After figuring out the appropriate sensor placement, we proceeded to construct a sensor suit, that resembled the TouchPack, except with sensors rather than motors (image 1).

With this suit, we conducted trials by getting participants wearing this suit to express a particular emotion, after which they were given a response appropriate to the emotion (e.g., a hug for a participant expressing sadness).

By recording the audio clips of participants expressing emotion, and the corresponding resulting pressure values on the sensor suit, we were able to obtain sufficient data to train our machine learning model.

A live demo of the sensor suit is shown in the video on the left (if it does not load, click here).

Finally, the datasets were given to the CNN model to be used for training.

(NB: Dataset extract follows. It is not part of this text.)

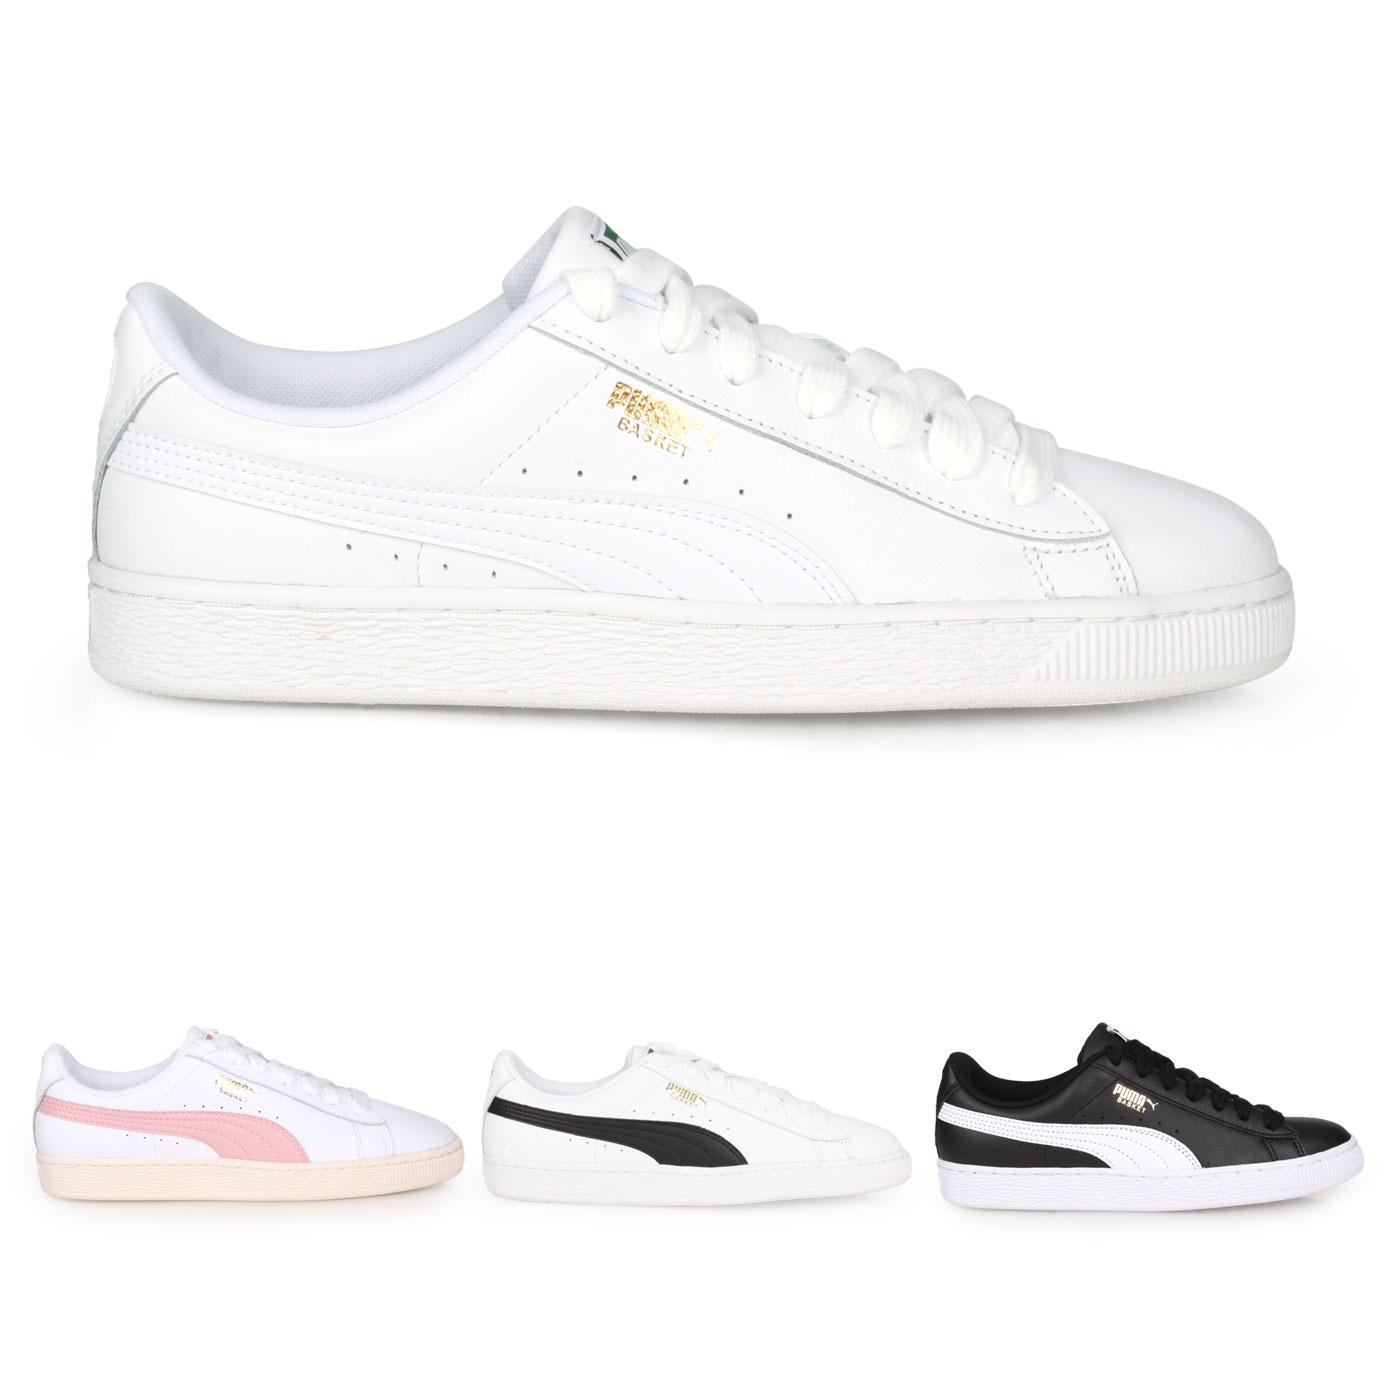 PUMA 經典復古休閒鞋  @BASKET CLASSIC LFS@35436717

After suitable pre-processing of the clips was done, such as removing silence and white noise, the Mel Frequency Cepstrum Coefficients (MFCCs) were extracted from the audio clips and used as tensors for training our CNN. Samples of the Mel Spectrograms extracted are shown on the right (image 1).

However, as the number of MFCC features extracted would have led to an extremely complex model with high training time, we needed to identify which components of speech were useful for emotion recognition. Using the t-SNE and PCA algorithms, we were able to reduce the dimensions of the MFCC features to just 10 (image 2) that were crucial for emotion recognition.